I’m the fool. I took the plunge this week and installed a fresh clean copy of Fedora 11, but I made my root partition btrfs instead of something more… well, for lack of better words, stable and mature. This should serve as a little documentation of my findings, in the hopes that others don’t make the hasty call to dedicate their root partition to the new filesystem.
From the dawn of my days with Linux, I have been told to heed warnings that this new system gives. This isn’t Windows any more, the warnings that you receive are no longer benign. My first experience with this was when I had a hard drive that was dying, so I decided to do a fsck. The only problem was that I did a fsck on the root partition – while it was still mounted — read/write. In all fairness, it was my own arrogance that made me add the flag to manually override that protection system. I figured, “what could get worse? The drive is already dying”. I did this with no backups. Three days and 20-something manual superblock hex-edits later, I finally got my data back. The valuable thing from that incident is the experience, though. I now knew how to do manual superblock recreations, which always comes in super handy. I also had learned to heed the warnings of the core developers very well.

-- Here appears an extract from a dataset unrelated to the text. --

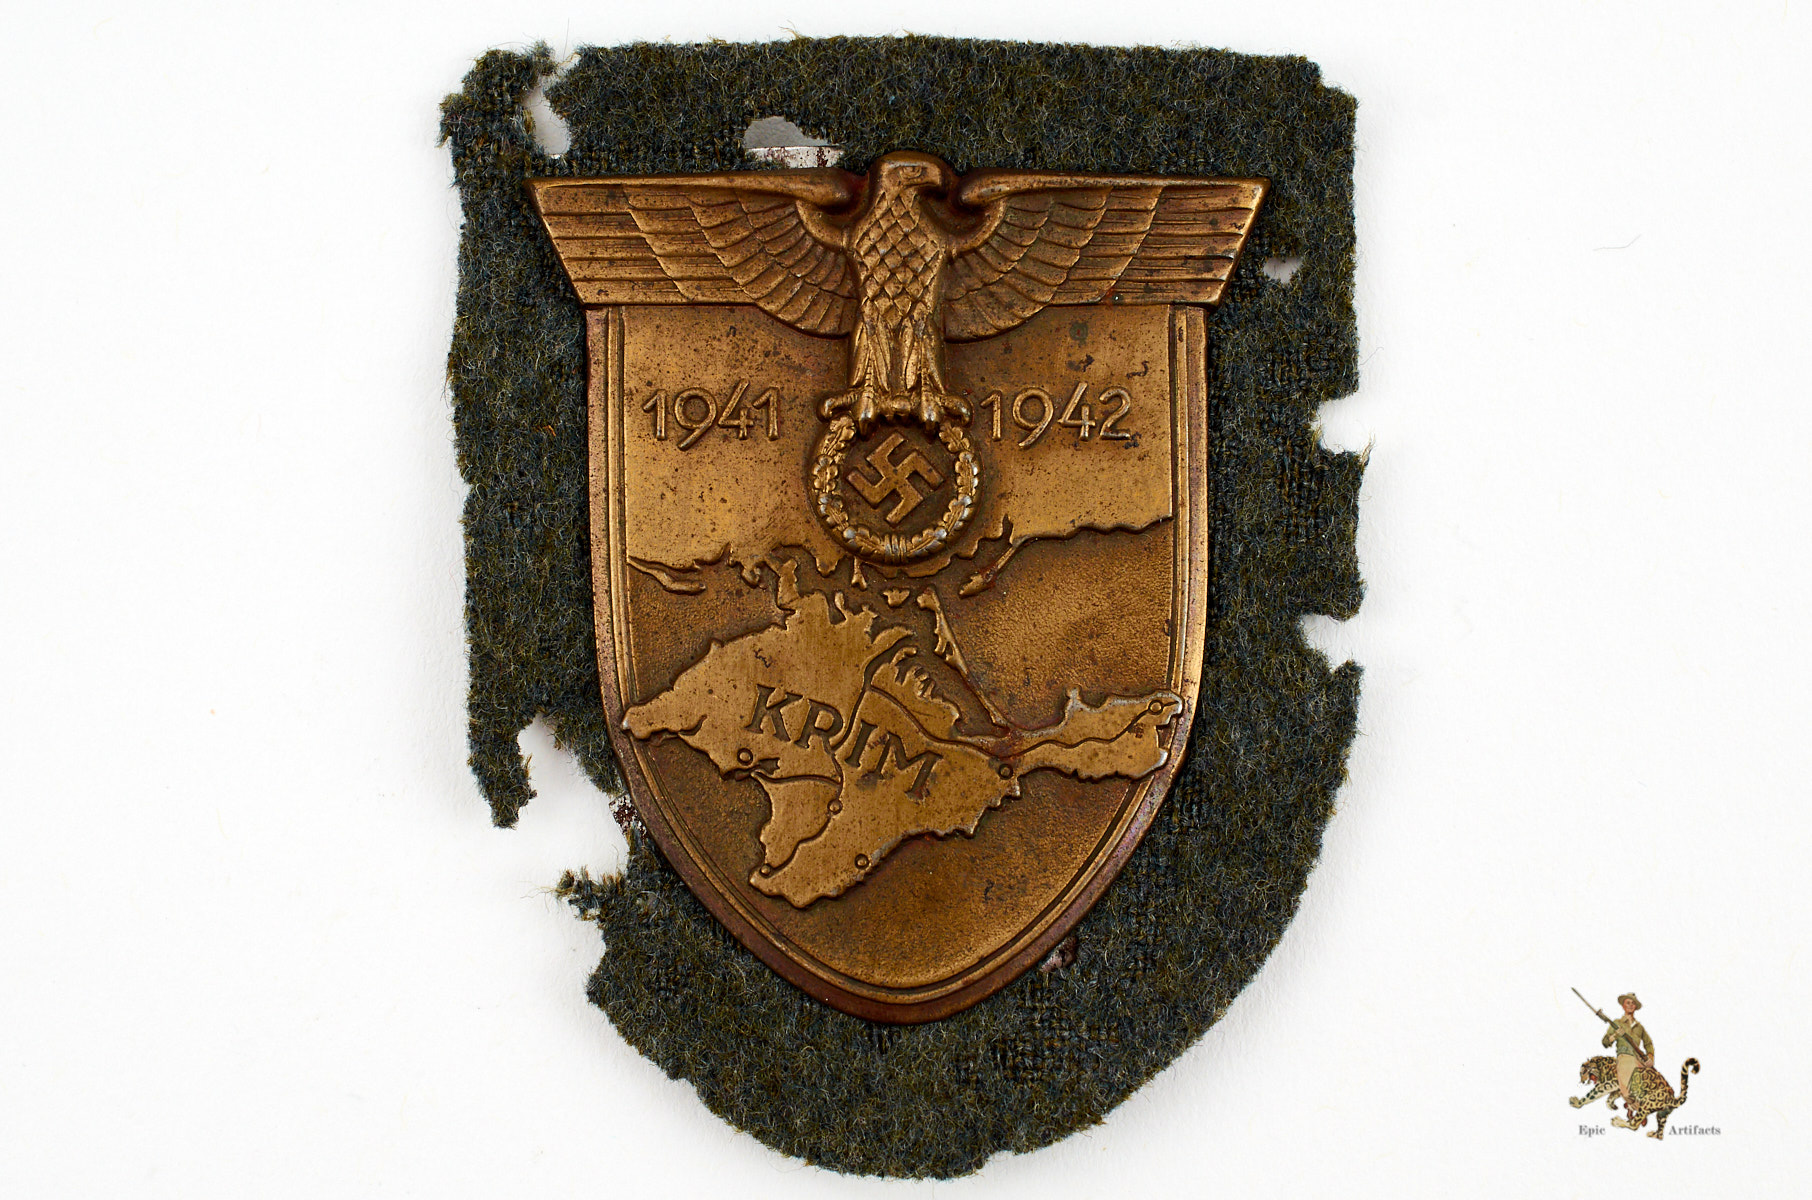 Krim Campaign Shield - Epic Artifacts - German World War 2

Until Saturday. My friend had told me before about how funny the new anaconda argument is: “icantbelieveitsnotbtr”. And now who says these hardcore developers don’t have a sense of humor? Well, I’ve learned a heck of a lot over these last few years, and sometimes I even feel guilty that I don’t give back as much as I should to the open source community. So I figured I’d give their hard work a shot. I’ve heard nothing but glowing reviews about ZFS, and btrfs is supposed to be the up-and-coming big thing in the filesystem world. I figured, at the very least, I could do some benchmarks or something.
So here goes nothing…
I fired up the installer, adding the appropriate flags. I had /dev/sda1 already formatted 50 gig ntfs for Windows. This was to be a dual-booting system. I added a 512-meg /boot, sda2, and a 2-gig swap, sda3. sda4 was to be a pointer to an extended partition table, where sda5 resides, filling up all of the remaining space of 59 gigs. I picked my packages and started the installer. Uh oh, the format of sda5 as btrfs failed. Oh well. Reboot, repeat. Same results, but this time it just died with some non-helpful error code 1. Uhhh. So I tried to boot again. My partitioning table was simply gone. WTF.

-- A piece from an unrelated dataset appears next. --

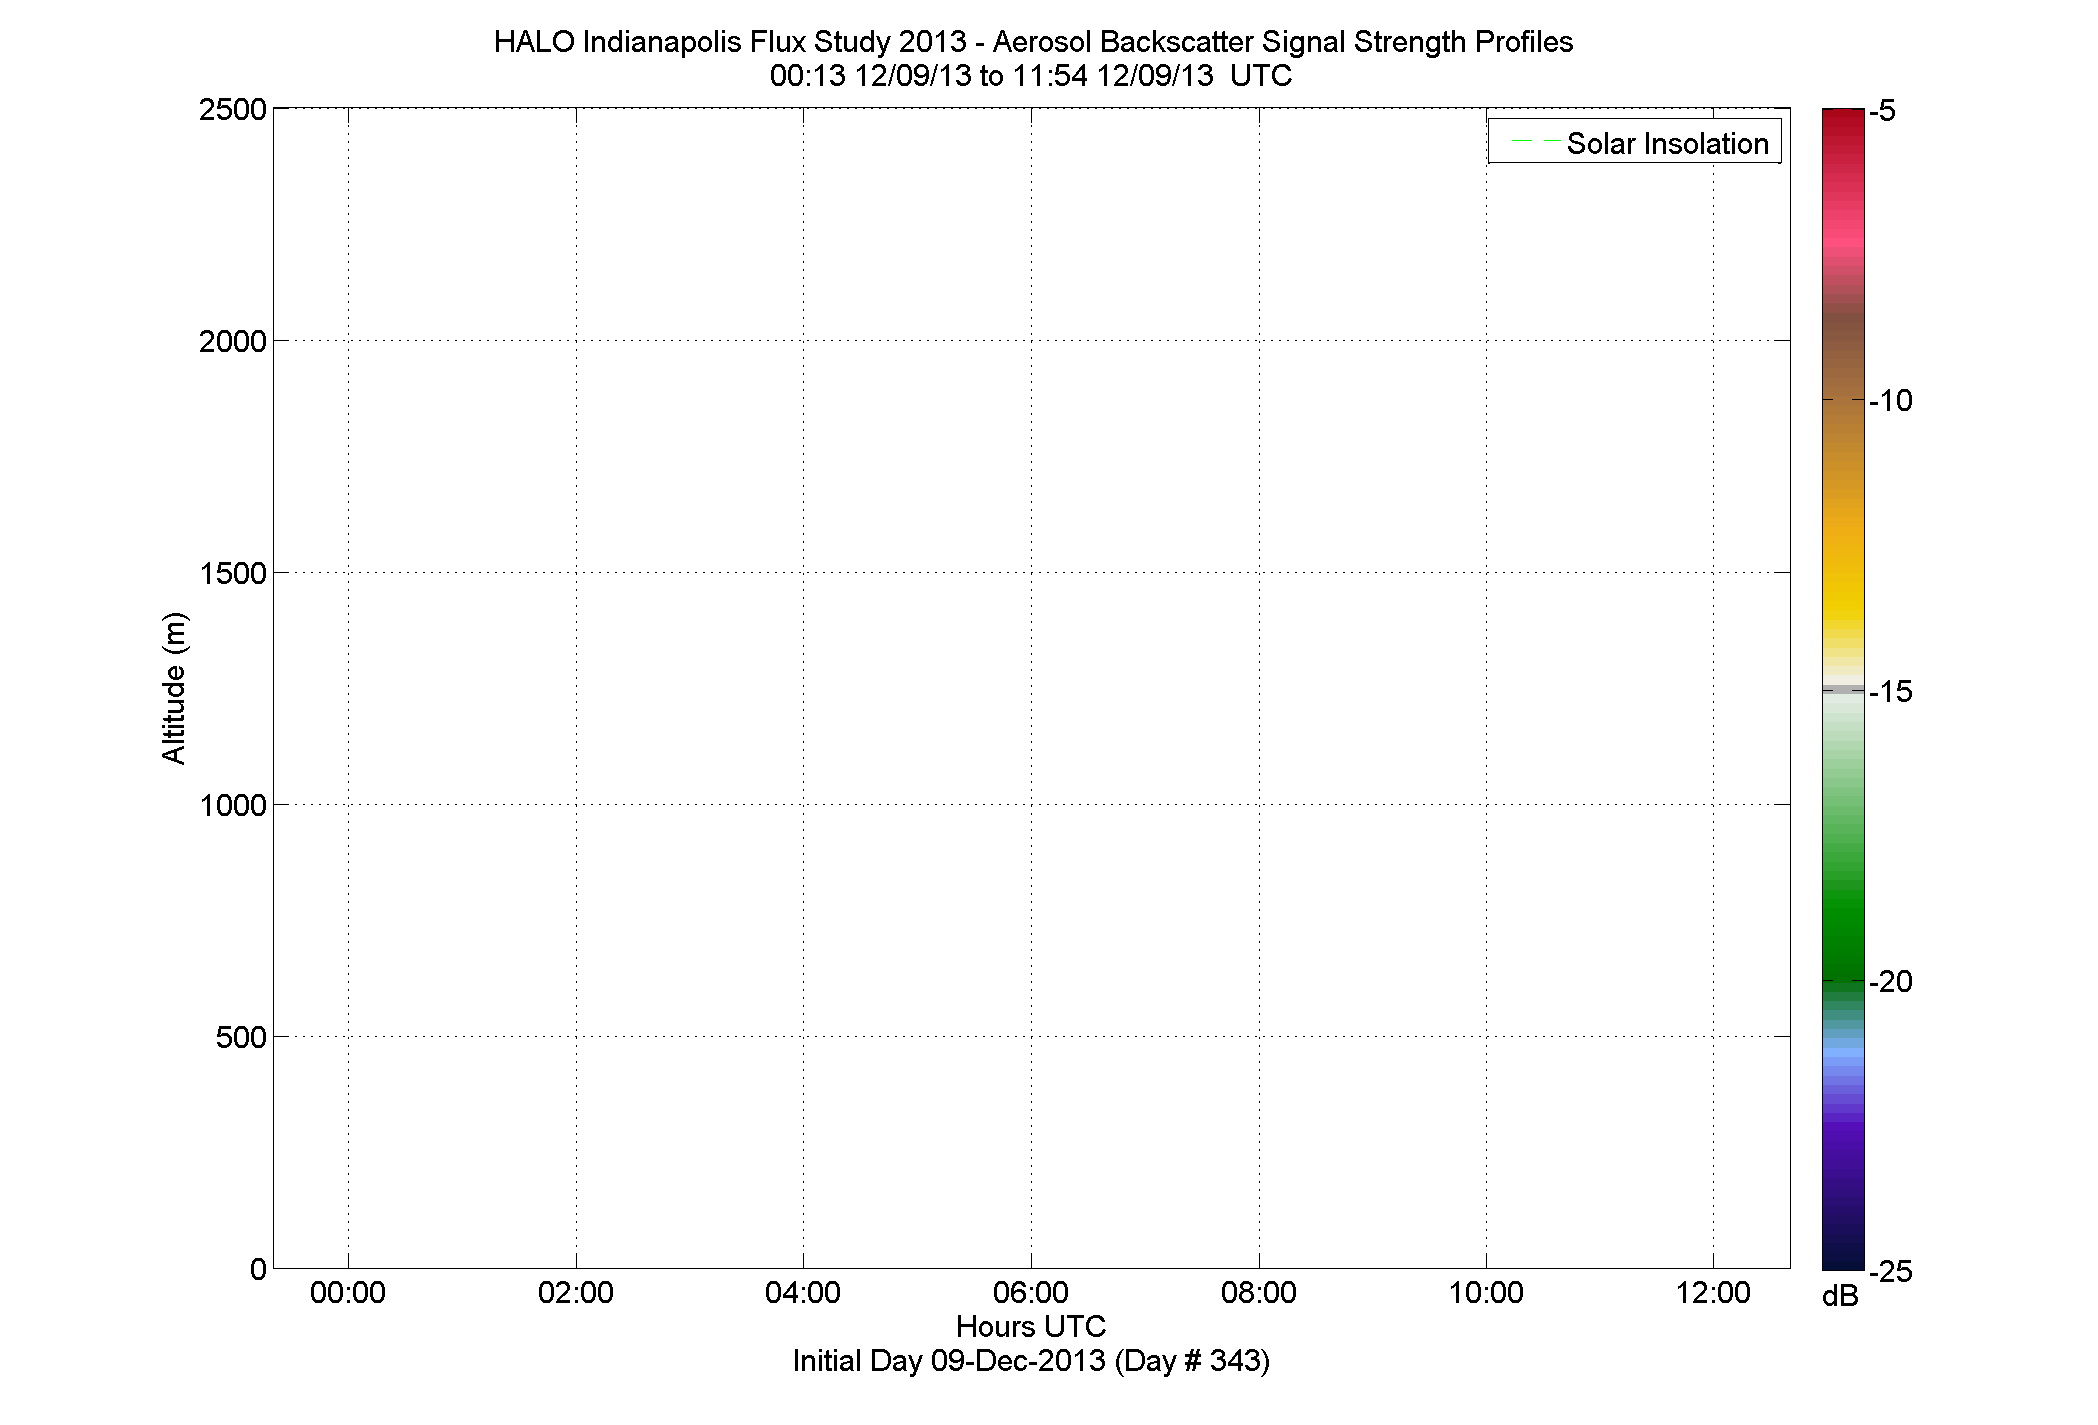 HALO aerosol backscatter signal strength profile - December 9 am

I remade the partition table, and figured, “third time’s the charm!”. I selected btrfs as the filesystem for /. If this didn’t work, I was going to give up and use the (now-default) ext4 filesystem. Alas, it worked. I was actually looking forward to using the new filesystem. The install finished normally, and I booted into my new Linux system.
First thing’s first, I ran a full yum upgrade. I noticed something just then. The seek times with btrfs were amazing, read speeds were okay, but the write speeds were flat-out terrible. I’m guessing that’s simply because of all of the metadata btrfs stores, but I honestly have no idea why that is. Oh well, I do far more reads than writes, so this works out well. I then proceeded to use the system for a while. After my used disk space started to get above 25%, I started to get really unexpected results – kernel failures, corrupted filesystem blocks, half-missing extent entries, system bus errors, the whole nine yards.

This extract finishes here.